What is required — Repeat exactly the lines of the records below, starting at the line containing "notuyla paylaşımda bulundu." and ending at the line containing "Doctor Strange casting". Leave the pictures out.

Data for this exercise —
-------------------------

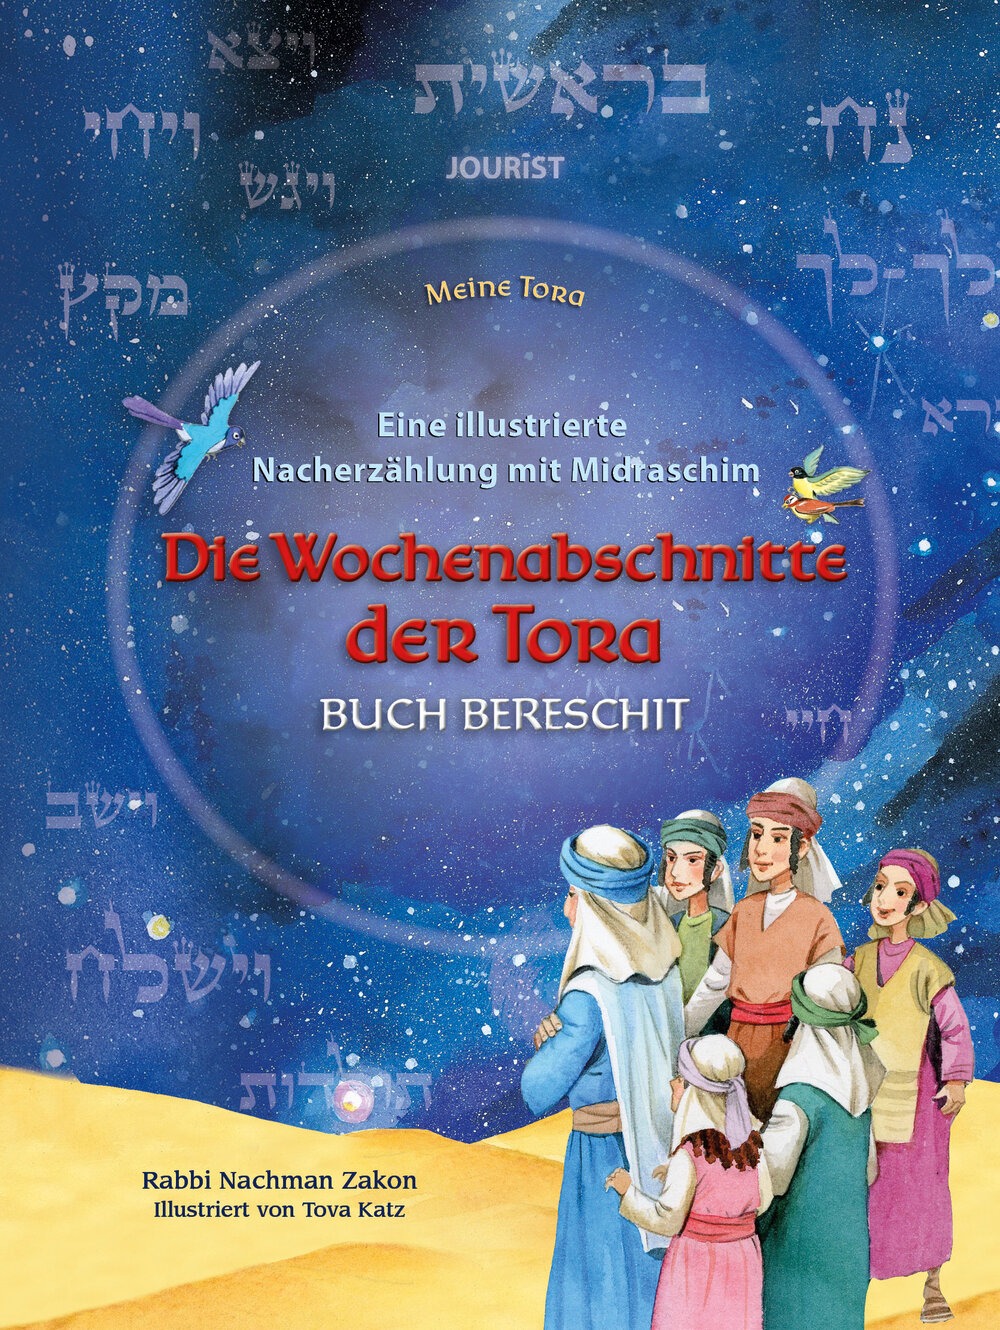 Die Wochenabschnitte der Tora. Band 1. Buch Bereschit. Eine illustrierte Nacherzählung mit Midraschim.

-------------------------

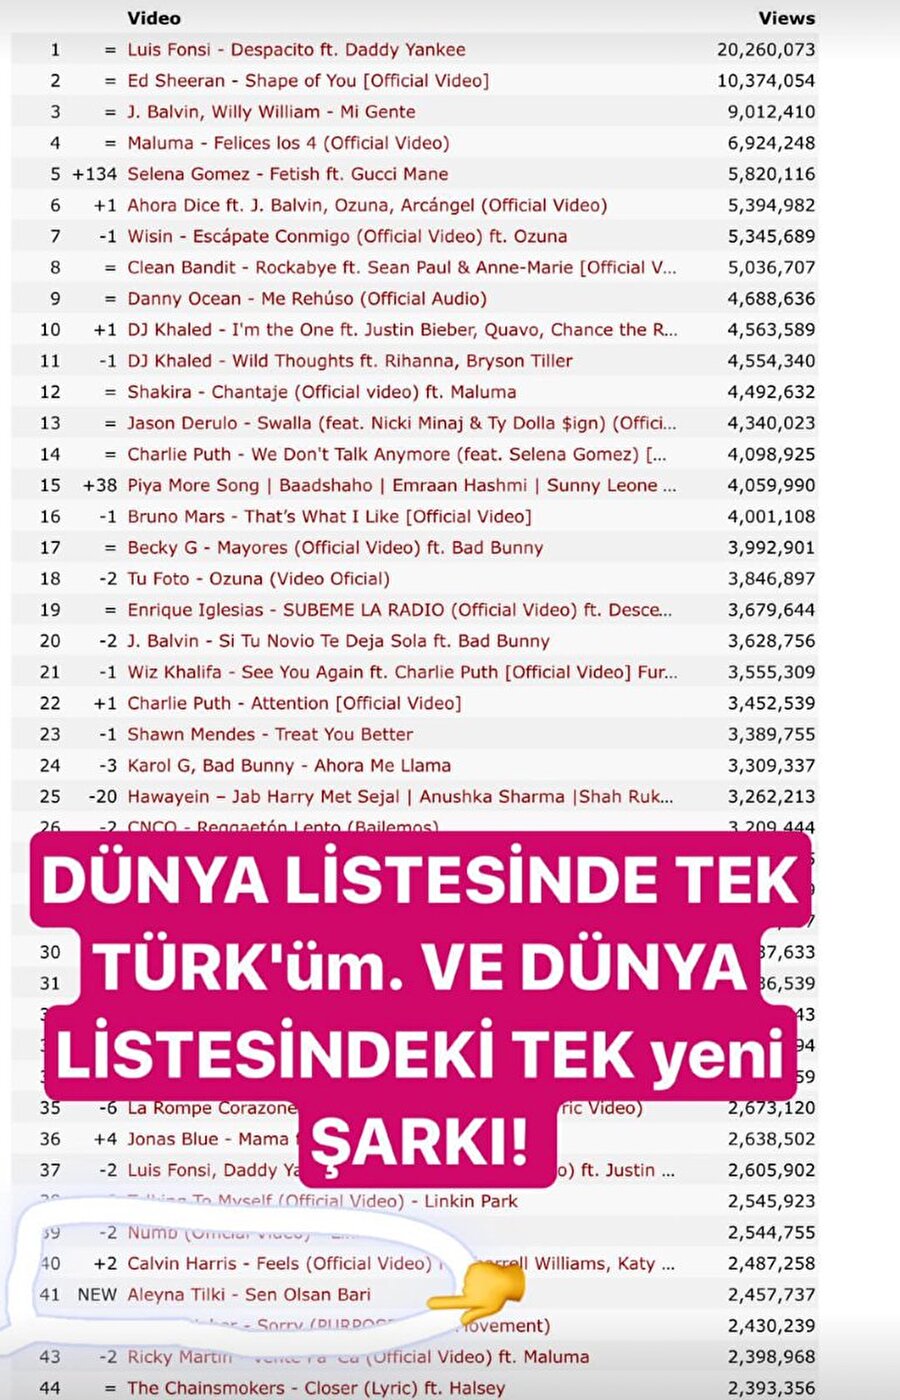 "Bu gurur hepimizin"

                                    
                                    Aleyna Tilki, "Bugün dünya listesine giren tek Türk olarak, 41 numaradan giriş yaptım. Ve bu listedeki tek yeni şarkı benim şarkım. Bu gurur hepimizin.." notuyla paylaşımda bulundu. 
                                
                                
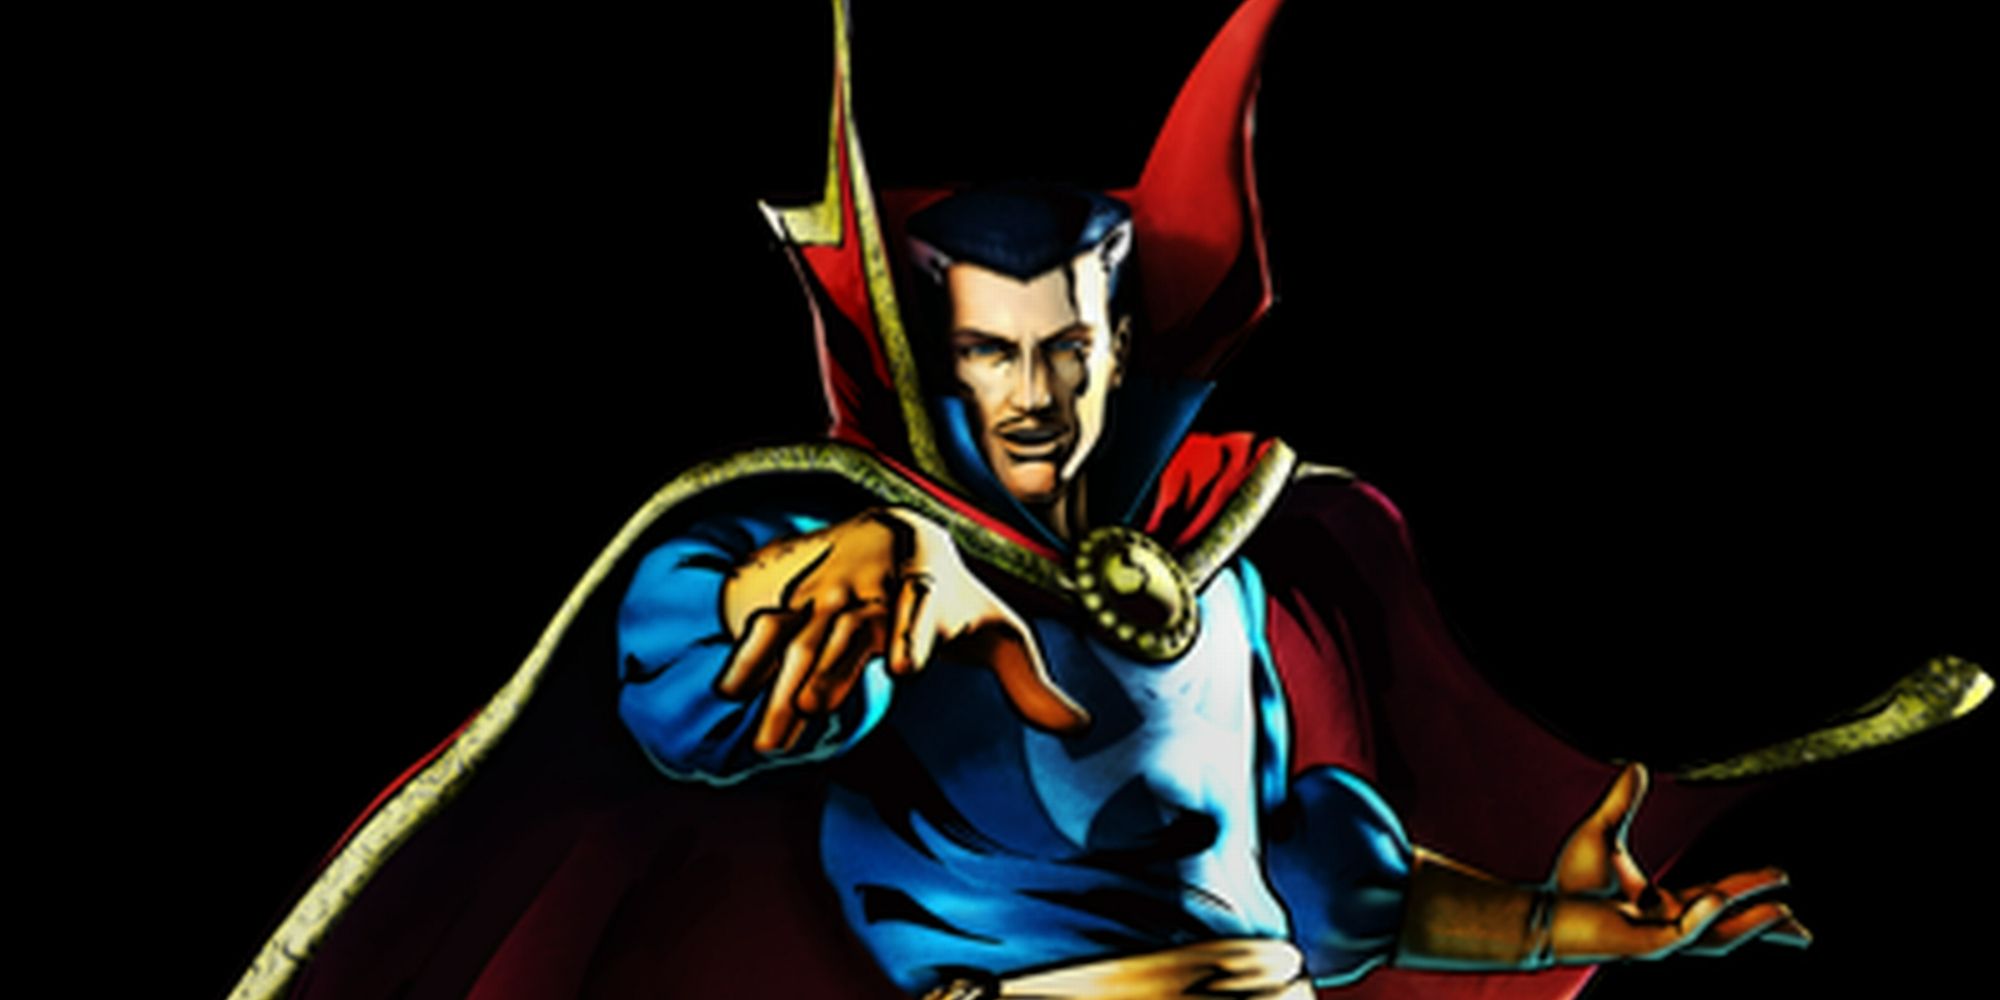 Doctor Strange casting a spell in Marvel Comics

-------------------------

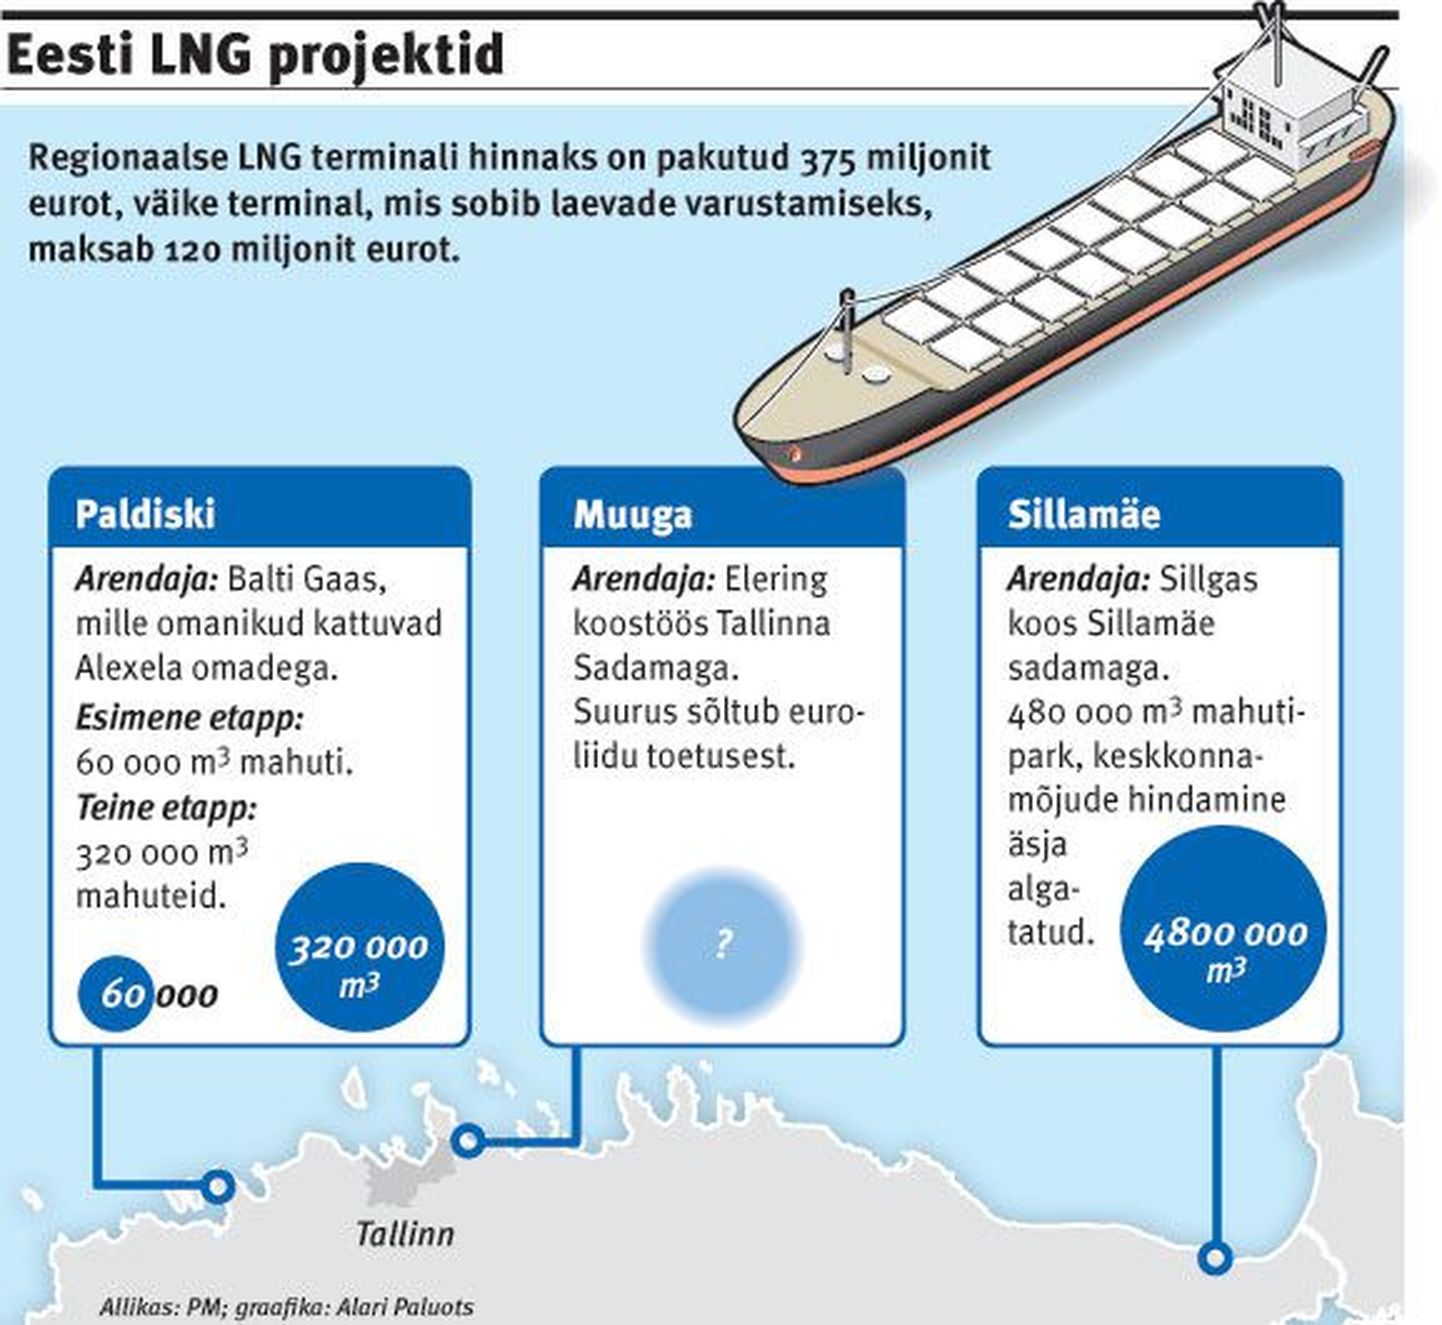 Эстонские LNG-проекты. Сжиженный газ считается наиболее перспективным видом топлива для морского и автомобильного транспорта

-------------------------

Exercise result —
                                    Aleyna Tilki, "Bugün dünya listesine giren tek Türk olarak, 41 numaradan giriş yaptım. Ve bu listedeki tek yeni şarkı benim şarkım. Bu gurur hepimizin.." notuyla paylaşımda bulundu. 
                                
                                
 Doctor Strange casting a spell in Marvel Comics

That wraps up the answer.